Stored data:
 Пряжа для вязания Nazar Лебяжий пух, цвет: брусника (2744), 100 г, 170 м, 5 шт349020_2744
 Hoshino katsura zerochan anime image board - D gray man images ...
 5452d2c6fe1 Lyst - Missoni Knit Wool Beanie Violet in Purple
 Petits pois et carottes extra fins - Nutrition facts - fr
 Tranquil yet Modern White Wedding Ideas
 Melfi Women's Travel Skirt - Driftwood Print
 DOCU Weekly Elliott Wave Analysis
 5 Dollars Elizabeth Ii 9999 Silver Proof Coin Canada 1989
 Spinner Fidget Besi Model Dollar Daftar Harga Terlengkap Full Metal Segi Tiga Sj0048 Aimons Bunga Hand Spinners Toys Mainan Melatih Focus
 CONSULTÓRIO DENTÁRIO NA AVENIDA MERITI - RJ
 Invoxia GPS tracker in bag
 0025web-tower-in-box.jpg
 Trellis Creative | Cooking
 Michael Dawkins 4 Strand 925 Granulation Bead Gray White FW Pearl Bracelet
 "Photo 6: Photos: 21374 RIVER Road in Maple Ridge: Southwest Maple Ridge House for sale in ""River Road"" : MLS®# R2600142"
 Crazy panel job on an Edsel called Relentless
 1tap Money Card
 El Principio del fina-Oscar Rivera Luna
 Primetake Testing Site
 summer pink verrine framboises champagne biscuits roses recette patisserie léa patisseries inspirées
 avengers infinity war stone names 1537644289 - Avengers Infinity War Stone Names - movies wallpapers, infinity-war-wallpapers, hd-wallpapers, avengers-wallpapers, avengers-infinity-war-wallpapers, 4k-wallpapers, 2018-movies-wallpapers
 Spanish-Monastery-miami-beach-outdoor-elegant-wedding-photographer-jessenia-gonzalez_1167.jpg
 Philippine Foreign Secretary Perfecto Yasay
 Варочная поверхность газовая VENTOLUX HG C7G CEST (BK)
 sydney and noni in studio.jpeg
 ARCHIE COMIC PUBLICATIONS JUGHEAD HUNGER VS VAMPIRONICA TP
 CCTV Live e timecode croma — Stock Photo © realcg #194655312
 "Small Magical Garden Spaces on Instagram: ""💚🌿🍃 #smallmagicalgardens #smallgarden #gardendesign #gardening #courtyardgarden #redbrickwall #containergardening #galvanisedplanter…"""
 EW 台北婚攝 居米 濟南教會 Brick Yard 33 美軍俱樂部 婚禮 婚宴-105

• **TASK DESCRIPTION**:
What is needed is a verbatim copy of every line in the records above from the one containing "DOCU Weekly Elliott Wave Analysis" down to the one containing "Philippine Foreign Secretary Perfecto Yasay", both included, and nothing more.

• **FINISHED TASK**:
 DOCU Weekly Elliott Wave Analysis
 5 Dollars Elizabeth Ii 9999 Silver Proof Coin Canada 1989
 Spinner Fidget Besi Model Dollar Daftar Harga Terlengkap Full Metal Segi Tiga Sj0048 Aimons Bunga Hand Spinners Toys Mainan Melatih Focus
 CONSULTÓRIO DENTÁRIO NA AVENIDA MERITI - RJ
 Invoxia GPS tracker in bag
 0025web-tower-in-box.jpg
 Trellis Creative | Cooking
 Michael Dawkins 4 Strand 925 Granulation Bead Gray White FW Pearl Bracelet
 "Photo 6: Photos: 21374 RIVER Road in Maple Ridge: Southwest Maple Ridge House for sale in ""River Road"" : MLS®# R2600142"
 Crazy panel job on an Edsel called Relentless
 1tap Money Card
 El Principio del fina-Oscar Rivera Luna
 Primetake Testing Site
 summer pink verrine framboises champagne biscuits roses recette patisserie léa patisseries inspirées
 avengers infinity war stone names 1537644289 - Avengers Infinity War Stone Names - movies wallpapers, infinity-war-wallpapers, hd-wallpapers, avengers-wallpapers, avengers-infinity-war-wallpapers, 4k-wallpapers, 2018-movies-wallpapers
 Spanish-Monastery-miami-beach-outdoor-elegant-wedding-photographer-jessenia-gonzalez_1167.jpg
 Philippine Foreign Secretary Perfecto Yasay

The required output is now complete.